Aggressive two-stop plan helps Raikkonen to fourth

2014 Belgian Grand Prix tyre strategies and pit stops

Kimi Raikkonen, Fernando Alonso, Ferrari, Spa-Francorchamps, 2014Four-time Belgian Grand Prix winner Kimi Raikkonen was expected to have a strong race at Spa-Francorchamps and so it proved – fourth was his best result of the year so far.

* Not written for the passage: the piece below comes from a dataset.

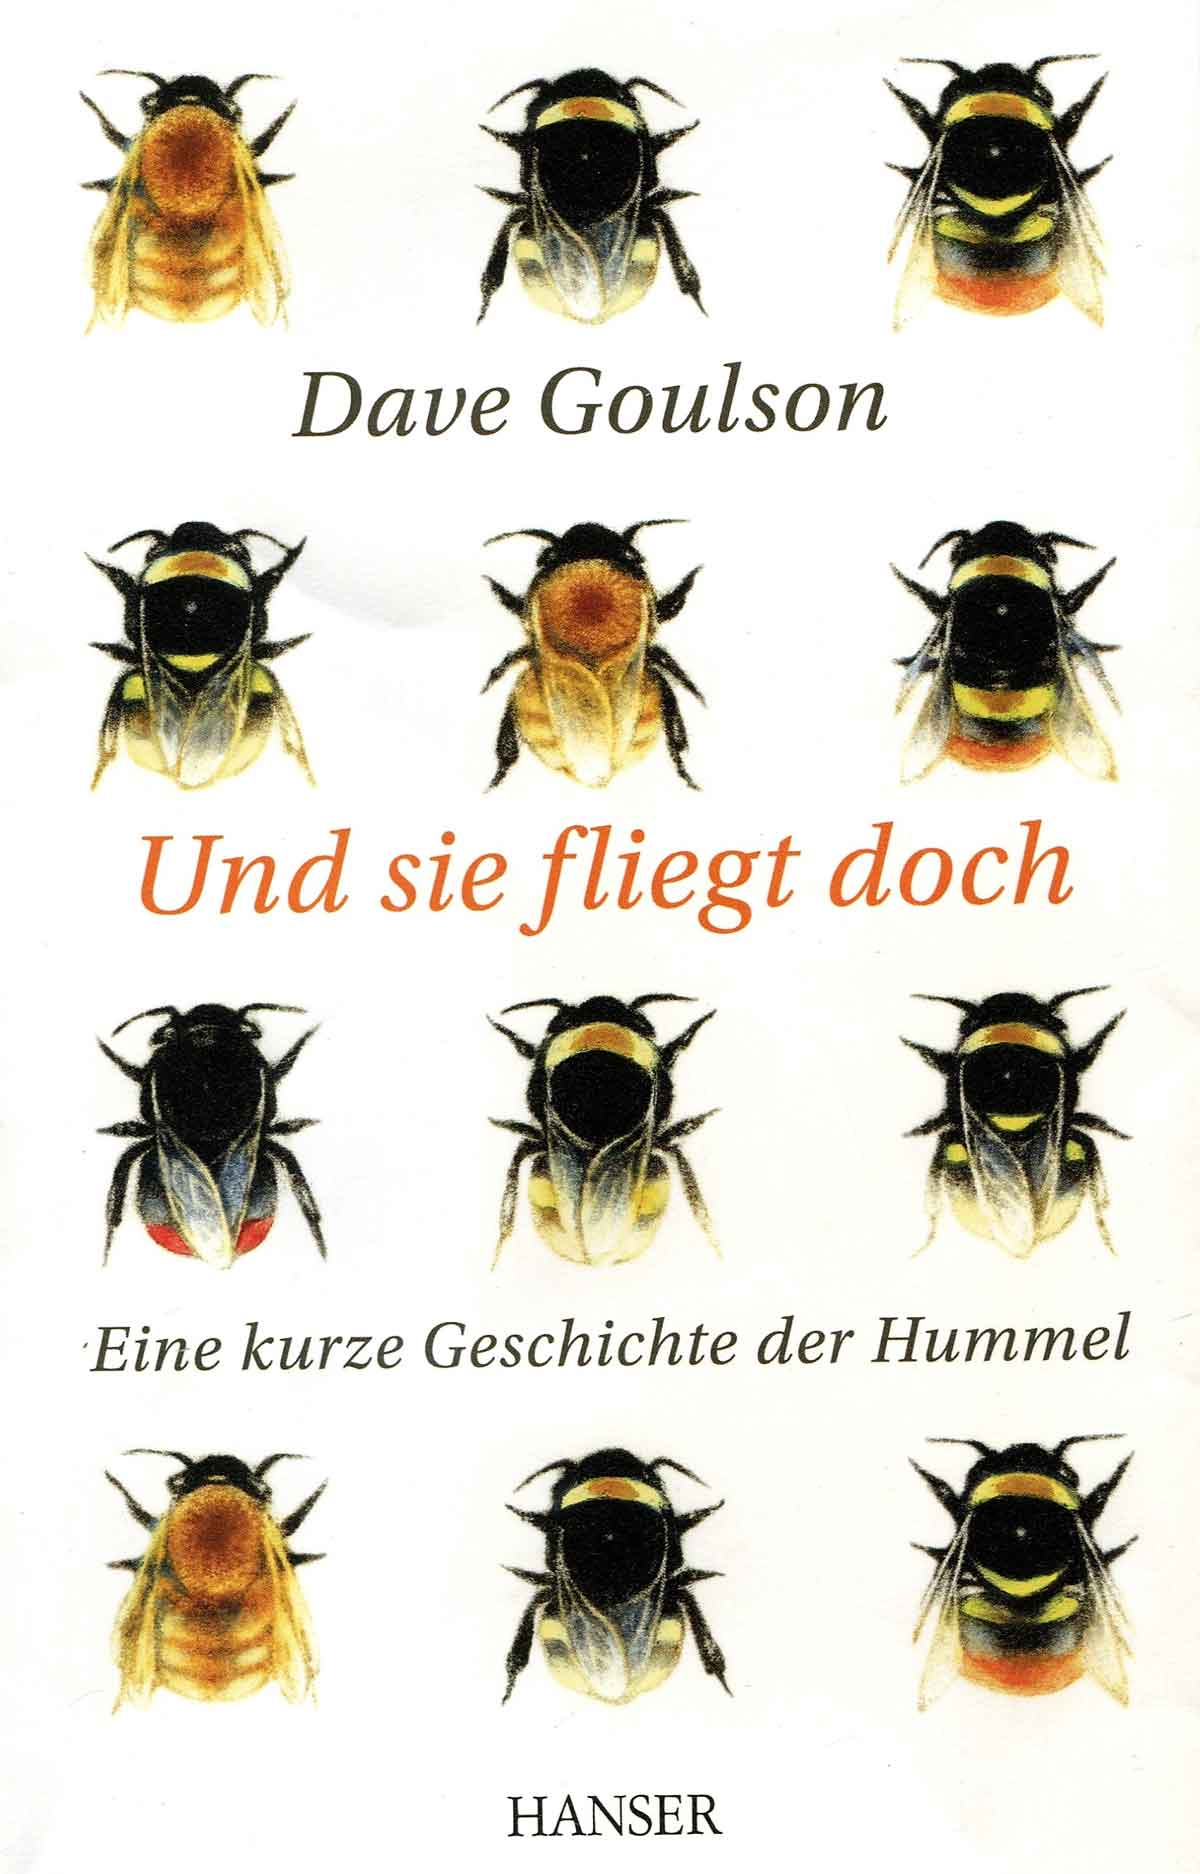 Und sie fliegt doch - Dave Goulson (Hansa)
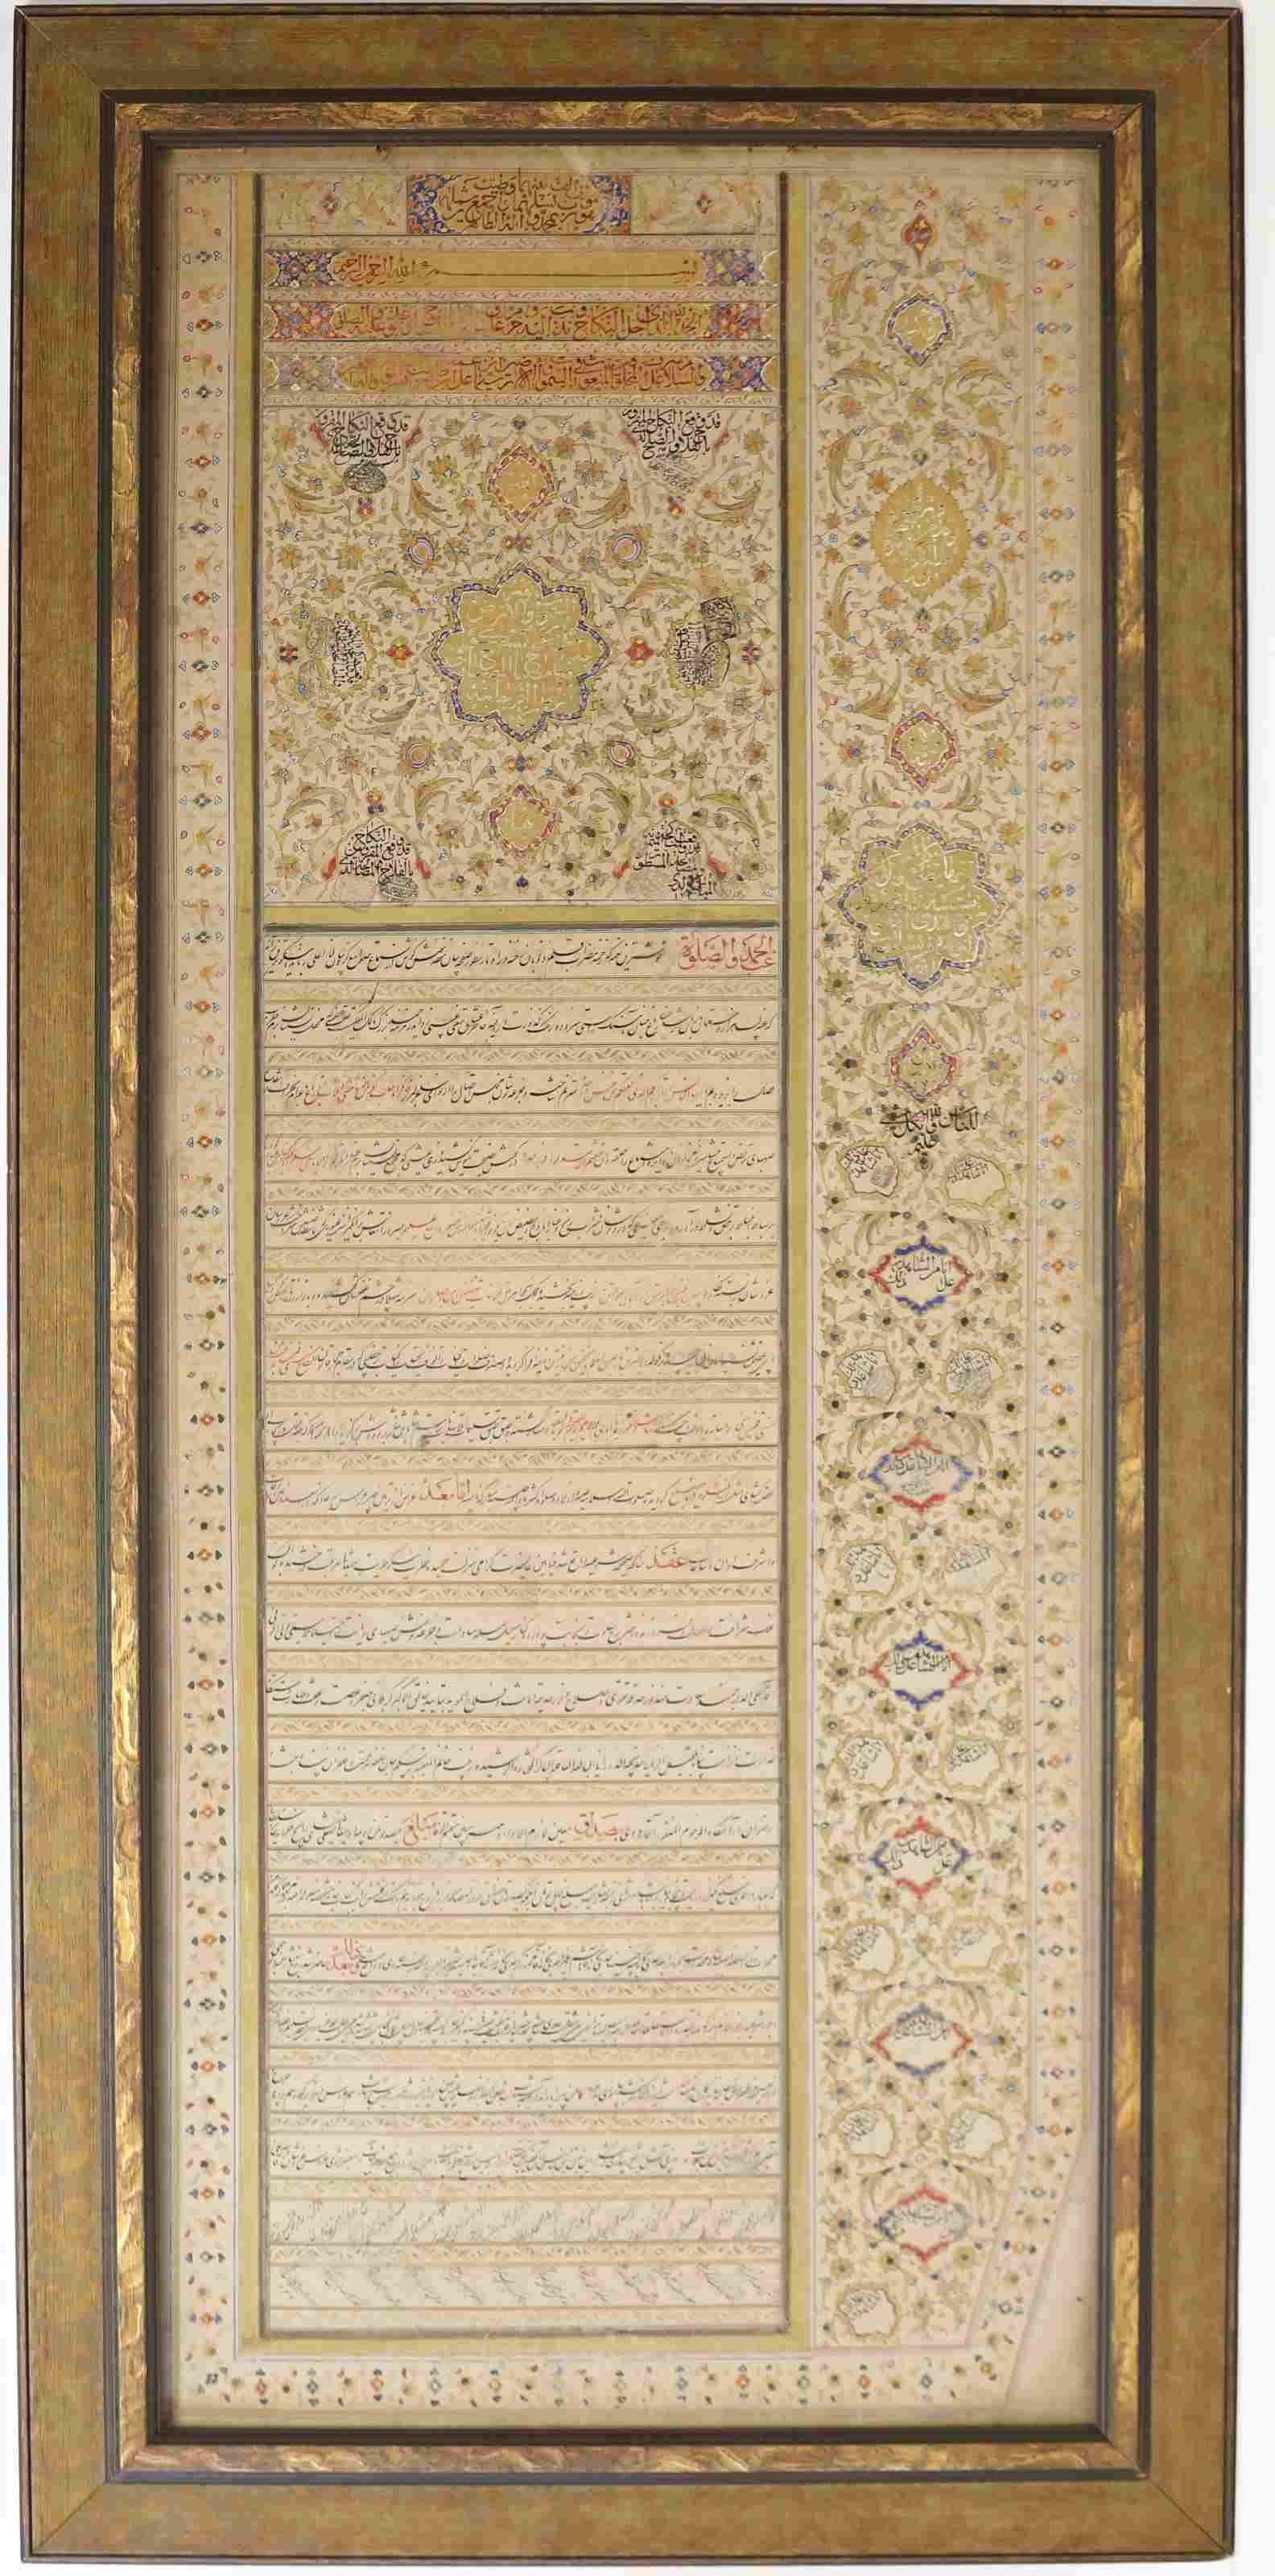 Persian Illuminated Manuscript Marriage Document

He was holding on to a podium position with five laps to go thanks to an aggressive two-stop tyre strategy. He made his first pit stop as early as lap eight – the same lap Nico Rosberg made his first of three pit stops.

For Ferrari this had the beneficial effect of taking Raikkonen out of some of the more fraught battles for position, allowing him to run near to his optimum pace. He also finished ahead Fernando Alonso, beating him for the first time this year as his team mate picked up a five-second penalty due to his mechanics lingering too long on the grid at the start of the race.

“We had decided to tackle this race more aggressively, making an early stop to get ahead of the cars that had yet to pit and that meant I was able to stay with the leaders for much of the race,” Raikkonen explained.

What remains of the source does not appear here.